The despair at the scenes of violence stood in stark contrast to triumphant moments that unfolded elsewhere as Iraqis dipped their fingers in purple ink and cast ballots in elections that were billed as the first organized and secured by Iraqis since the US-led invasion of 2003.
"It's in the Iraqi nature to rise to a challenge, and we were challenged," said Younis Gomar, the head of a polling center in Baghdad.
Congrats from Obama
"We mourn the tragic loss of life today, and honor the courage and resilience of the Iraqi people who once again defied threats to advance their democracy," President Obama said in a statement of congratulations.
Later, speaking in the White House Rose Garden, Obama added that by the end of August, "our combat mission will end" and said, "By the end of next year, all US troops will be out of Iraq."
The US military, however, played a crucial behind-the-scenes role Sunday, a fact that calls into question whether Iraq's security forces will be able to lock down their country on similar high-stakes occasions after the American withdrawal.
After months of joint planning with Iraqis, American attack helicopters provided air support; American drones supplied aerial intelligence; American teams provided route clearance and escorts for international monitors, and American forensics experts investigated explosives found near polling stations.
Now the hard part
With Election Day out of the way, Iraqis now face what could be an even more gargantuan task.

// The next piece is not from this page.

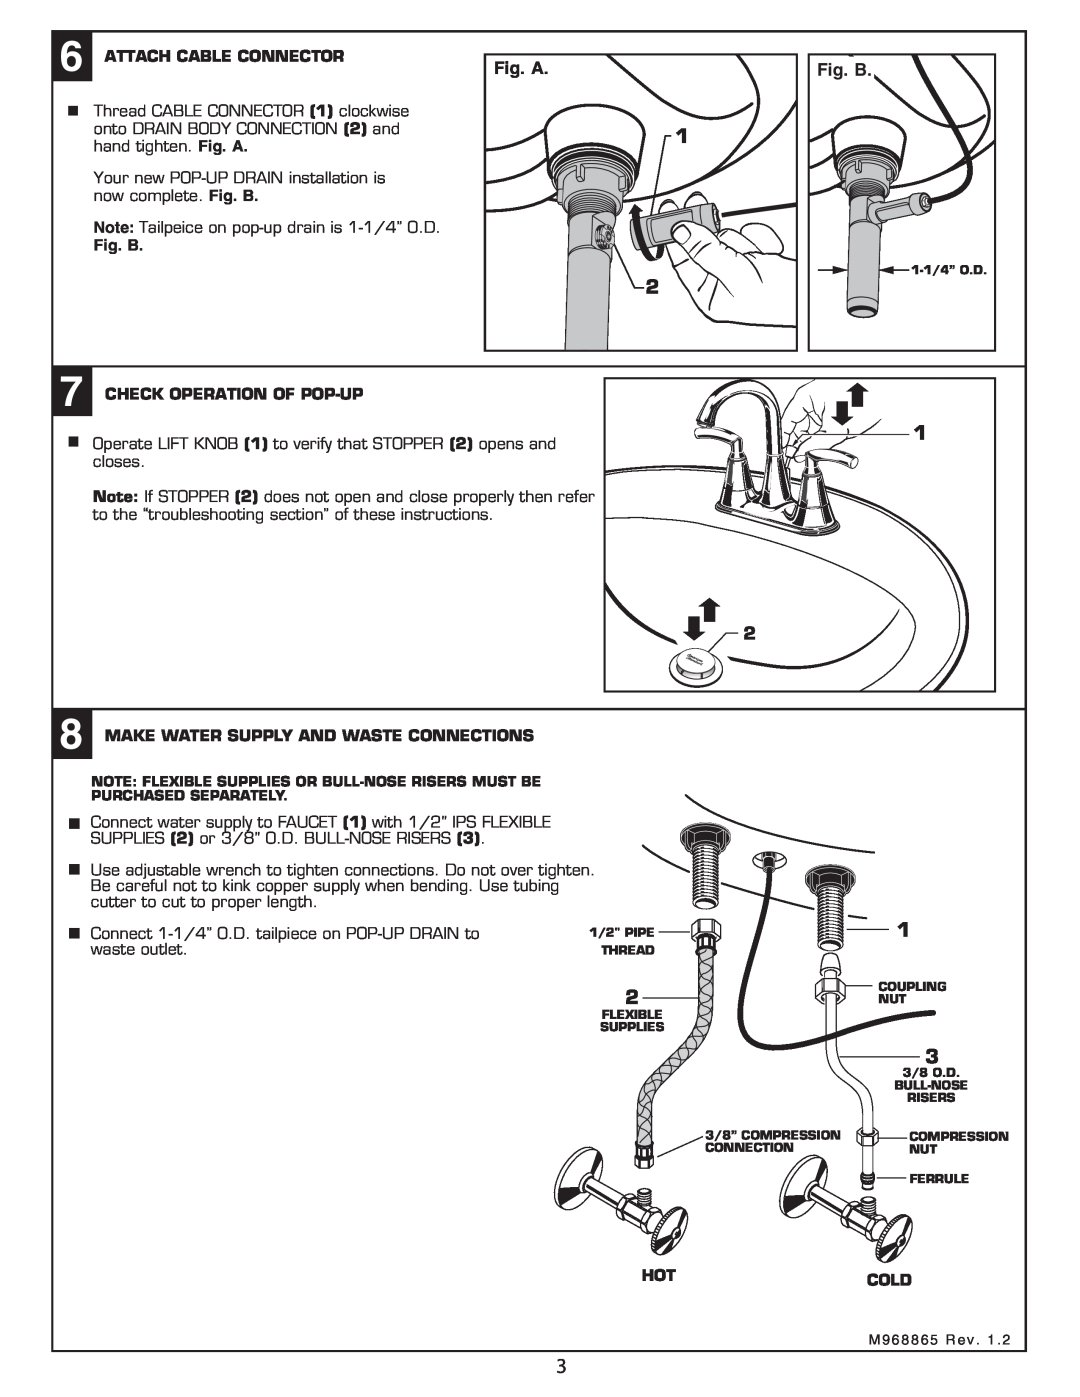 American Standard 7034 installation instructions Fig. A, Fig. B, Attach Cable Connector, Check Operation Of Pop-Up, Hotcold

None of the top vote getters is expected to win an outright majority, ensuring weeks and probably months of horse-trading before a new government is formed.
Analysts and foreign diplomats agree that the coalitions most likely to win are the self-proclaimed nationalist slate led by Iraq's incumbent Prime Minister Nouri al Maliki, a Shiite Muslim; the secular, mixed-sect ticket of former premier Ayad Allawi; and an alliance of Iranian-backed Shiite candidates and religious parties that was widely predicted to trail the first two in all but the most conservative Shiite parts of the country.
Once again, however, Kurdish parties in semi-autonomous northern Iraq are likely to hold the balance of power because Arab parties will need their support to assemble a majority in the 325-seat Iraqi parliament.